_SUPPLIED ENTRIES_:

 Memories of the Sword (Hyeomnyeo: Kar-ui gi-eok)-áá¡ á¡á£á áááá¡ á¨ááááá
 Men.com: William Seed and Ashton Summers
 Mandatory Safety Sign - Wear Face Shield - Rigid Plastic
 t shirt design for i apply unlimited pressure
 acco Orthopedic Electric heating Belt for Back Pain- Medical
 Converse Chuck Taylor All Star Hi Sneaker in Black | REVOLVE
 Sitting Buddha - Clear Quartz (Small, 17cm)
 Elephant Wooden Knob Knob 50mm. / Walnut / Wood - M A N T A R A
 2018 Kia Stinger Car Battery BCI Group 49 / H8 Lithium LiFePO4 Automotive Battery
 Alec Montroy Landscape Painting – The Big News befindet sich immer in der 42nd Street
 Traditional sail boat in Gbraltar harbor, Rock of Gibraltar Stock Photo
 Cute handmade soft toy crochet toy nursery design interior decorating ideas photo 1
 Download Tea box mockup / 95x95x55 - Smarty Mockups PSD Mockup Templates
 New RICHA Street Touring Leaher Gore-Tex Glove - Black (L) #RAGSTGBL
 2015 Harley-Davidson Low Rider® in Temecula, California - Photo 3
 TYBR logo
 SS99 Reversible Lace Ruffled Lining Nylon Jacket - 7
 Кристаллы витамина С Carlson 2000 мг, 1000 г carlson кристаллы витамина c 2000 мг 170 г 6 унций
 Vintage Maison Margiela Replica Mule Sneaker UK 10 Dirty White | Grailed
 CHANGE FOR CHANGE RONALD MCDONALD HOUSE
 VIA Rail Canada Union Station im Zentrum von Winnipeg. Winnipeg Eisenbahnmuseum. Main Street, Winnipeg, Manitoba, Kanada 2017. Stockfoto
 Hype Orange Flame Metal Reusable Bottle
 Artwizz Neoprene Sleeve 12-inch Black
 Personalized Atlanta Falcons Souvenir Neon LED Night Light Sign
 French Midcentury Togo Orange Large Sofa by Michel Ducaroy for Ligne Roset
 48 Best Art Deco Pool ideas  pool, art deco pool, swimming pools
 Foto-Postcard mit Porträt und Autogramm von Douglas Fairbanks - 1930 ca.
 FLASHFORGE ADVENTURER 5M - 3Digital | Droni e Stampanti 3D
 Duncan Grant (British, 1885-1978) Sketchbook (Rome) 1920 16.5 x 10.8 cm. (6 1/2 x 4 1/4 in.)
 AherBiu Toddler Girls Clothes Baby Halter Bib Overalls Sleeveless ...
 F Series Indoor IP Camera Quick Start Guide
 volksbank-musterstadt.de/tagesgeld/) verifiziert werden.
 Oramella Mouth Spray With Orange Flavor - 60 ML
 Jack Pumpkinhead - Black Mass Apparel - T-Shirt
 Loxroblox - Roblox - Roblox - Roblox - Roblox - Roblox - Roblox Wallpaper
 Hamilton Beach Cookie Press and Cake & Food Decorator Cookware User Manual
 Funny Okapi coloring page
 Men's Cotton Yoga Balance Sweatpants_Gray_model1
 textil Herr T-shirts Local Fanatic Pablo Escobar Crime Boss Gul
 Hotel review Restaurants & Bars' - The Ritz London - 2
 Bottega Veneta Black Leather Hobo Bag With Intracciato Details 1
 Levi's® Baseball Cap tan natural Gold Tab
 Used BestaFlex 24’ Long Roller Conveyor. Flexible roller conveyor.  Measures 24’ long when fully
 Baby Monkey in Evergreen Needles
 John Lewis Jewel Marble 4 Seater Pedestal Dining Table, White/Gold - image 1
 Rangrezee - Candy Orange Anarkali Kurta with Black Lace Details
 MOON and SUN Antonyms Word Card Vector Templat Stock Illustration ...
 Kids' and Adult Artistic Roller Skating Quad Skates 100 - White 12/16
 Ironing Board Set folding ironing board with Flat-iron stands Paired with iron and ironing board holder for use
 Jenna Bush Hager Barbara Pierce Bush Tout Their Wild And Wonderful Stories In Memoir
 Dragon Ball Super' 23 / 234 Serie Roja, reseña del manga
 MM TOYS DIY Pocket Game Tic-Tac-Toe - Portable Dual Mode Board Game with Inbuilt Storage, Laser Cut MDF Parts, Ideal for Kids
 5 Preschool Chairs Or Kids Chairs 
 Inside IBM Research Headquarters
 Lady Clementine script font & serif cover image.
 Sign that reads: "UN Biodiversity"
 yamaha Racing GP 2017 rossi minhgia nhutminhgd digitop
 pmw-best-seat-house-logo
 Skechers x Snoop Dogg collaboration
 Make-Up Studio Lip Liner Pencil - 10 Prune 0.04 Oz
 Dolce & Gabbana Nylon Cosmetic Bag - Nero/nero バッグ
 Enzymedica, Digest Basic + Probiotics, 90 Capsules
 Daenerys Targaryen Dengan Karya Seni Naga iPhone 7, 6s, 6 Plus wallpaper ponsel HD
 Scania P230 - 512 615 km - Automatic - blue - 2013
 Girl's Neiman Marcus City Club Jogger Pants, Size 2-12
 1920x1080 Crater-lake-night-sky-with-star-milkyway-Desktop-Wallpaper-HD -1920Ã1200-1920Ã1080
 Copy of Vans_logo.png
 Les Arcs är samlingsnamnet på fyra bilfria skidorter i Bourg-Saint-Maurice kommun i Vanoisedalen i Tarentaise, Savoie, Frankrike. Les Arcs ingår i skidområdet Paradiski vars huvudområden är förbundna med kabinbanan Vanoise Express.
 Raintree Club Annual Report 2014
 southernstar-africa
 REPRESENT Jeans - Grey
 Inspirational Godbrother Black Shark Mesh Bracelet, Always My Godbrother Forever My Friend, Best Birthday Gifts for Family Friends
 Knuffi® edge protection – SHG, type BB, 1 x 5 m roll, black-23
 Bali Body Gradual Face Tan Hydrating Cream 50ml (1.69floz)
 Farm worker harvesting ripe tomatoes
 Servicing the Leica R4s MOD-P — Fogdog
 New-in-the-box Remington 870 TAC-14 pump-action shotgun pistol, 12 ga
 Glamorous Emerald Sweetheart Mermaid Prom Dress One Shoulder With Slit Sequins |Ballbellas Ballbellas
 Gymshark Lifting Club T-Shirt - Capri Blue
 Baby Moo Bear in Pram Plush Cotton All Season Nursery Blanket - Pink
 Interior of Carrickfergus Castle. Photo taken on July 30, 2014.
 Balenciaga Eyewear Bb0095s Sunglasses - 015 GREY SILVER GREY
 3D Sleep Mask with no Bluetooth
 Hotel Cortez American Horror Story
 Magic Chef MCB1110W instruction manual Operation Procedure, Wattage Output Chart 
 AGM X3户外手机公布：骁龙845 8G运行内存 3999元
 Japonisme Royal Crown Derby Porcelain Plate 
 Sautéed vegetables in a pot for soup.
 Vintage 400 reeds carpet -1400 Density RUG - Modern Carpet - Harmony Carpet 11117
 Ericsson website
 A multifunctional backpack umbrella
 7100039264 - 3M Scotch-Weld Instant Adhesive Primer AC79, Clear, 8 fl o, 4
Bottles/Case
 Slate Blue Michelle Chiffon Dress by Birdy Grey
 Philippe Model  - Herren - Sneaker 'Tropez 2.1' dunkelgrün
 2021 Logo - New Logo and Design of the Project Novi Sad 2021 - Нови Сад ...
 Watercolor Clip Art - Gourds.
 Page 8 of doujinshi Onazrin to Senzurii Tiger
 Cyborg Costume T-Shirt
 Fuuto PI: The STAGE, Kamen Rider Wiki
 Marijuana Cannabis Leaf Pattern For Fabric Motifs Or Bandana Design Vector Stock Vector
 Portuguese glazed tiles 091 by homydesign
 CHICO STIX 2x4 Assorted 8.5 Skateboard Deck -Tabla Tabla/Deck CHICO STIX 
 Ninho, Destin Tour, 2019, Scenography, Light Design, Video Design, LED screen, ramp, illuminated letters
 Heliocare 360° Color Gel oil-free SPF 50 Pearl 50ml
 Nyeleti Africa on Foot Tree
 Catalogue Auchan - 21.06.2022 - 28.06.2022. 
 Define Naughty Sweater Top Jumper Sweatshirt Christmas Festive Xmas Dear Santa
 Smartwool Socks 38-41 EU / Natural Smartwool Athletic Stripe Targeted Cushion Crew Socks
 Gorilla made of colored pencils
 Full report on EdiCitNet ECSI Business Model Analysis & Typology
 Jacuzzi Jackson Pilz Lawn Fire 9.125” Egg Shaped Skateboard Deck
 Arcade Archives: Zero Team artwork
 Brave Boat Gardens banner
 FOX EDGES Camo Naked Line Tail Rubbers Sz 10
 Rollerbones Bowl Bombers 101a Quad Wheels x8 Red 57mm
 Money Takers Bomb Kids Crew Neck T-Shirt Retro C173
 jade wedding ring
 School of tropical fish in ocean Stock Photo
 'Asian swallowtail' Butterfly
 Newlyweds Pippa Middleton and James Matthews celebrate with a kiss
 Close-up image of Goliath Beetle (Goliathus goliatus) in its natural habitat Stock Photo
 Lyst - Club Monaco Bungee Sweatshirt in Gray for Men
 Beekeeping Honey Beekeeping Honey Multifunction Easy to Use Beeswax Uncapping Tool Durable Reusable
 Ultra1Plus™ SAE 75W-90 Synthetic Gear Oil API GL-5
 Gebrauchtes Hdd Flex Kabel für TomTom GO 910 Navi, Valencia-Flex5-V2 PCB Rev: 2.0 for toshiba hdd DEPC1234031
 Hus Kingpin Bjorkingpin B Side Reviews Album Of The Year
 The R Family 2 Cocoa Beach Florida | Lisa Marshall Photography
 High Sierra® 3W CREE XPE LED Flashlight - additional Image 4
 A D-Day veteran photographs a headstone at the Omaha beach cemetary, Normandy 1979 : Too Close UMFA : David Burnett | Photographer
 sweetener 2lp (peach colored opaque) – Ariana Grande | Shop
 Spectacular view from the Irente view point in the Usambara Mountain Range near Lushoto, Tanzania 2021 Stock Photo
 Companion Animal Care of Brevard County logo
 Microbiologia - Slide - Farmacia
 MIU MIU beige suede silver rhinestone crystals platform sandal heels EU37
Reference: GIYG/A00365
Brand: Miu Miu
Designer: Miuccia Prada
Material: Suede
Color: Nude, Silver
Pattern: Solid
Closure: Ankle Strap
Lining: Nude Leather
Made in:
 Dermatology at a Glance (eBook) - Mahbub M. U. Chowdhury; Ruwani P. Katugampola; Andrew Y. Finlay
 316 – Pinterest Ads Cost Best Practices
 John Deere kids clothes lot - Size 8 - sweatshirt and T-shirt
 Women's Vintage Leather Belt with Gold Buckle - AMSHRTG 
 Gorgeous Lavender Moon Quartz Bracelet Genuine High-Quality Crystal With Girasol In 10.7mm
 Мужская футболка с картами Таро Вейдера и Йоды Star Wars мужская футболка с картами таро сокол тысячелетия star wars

_WHAT YOU HAVE TO DO_: Using the data above, transcribe the lines that run from the line with "Close-up image of" to the line with "Spectacular view from", both ends kept, and output nothing else.

_WORKED SOLUTION_:
 Close-up image of Goliath Beetle (Goliathus goliatus) in its natural habitat Stock Photo
 Lyst - Club Monaco Bungee Sweatshirt in Gray for Men
 Beekeeping Honey Beekeeping Honey Multifunction Easy to Use Beeswax Uncapping Tool Durable Reusable
 Ultra1Plus™ SAE 75W-90 Synthetic Gear Oil API GL-5
 Gebrauchtes Hdd Flex Kabel für TomTom GO 910 Navi, Valencia-Flex5-V2 PCB Rev: 2.0 for toshiba hdd DEPC1234031
 Hus Kingpin Bjorkingpin B Side Reviews Album Of The Year
 The R Family 2 Cocoa Beach Florida | Lisa Marshall Photography
 High Sierra® 3W CREE XPE LED Flashlight - additional Image 4
 A D-Day veteran photographs a headstone at the Omaha beach cemetary, Normandy 1979 : Too Close UMFA : David Burnett | Photographer
 sweetener 2lp (peach colored opaque) – Ariana Grande | Shop
 Spectacular view from the Irente view point in the Usambara Mountain Range near Lushoto, Tanzania 2021 Stock Photo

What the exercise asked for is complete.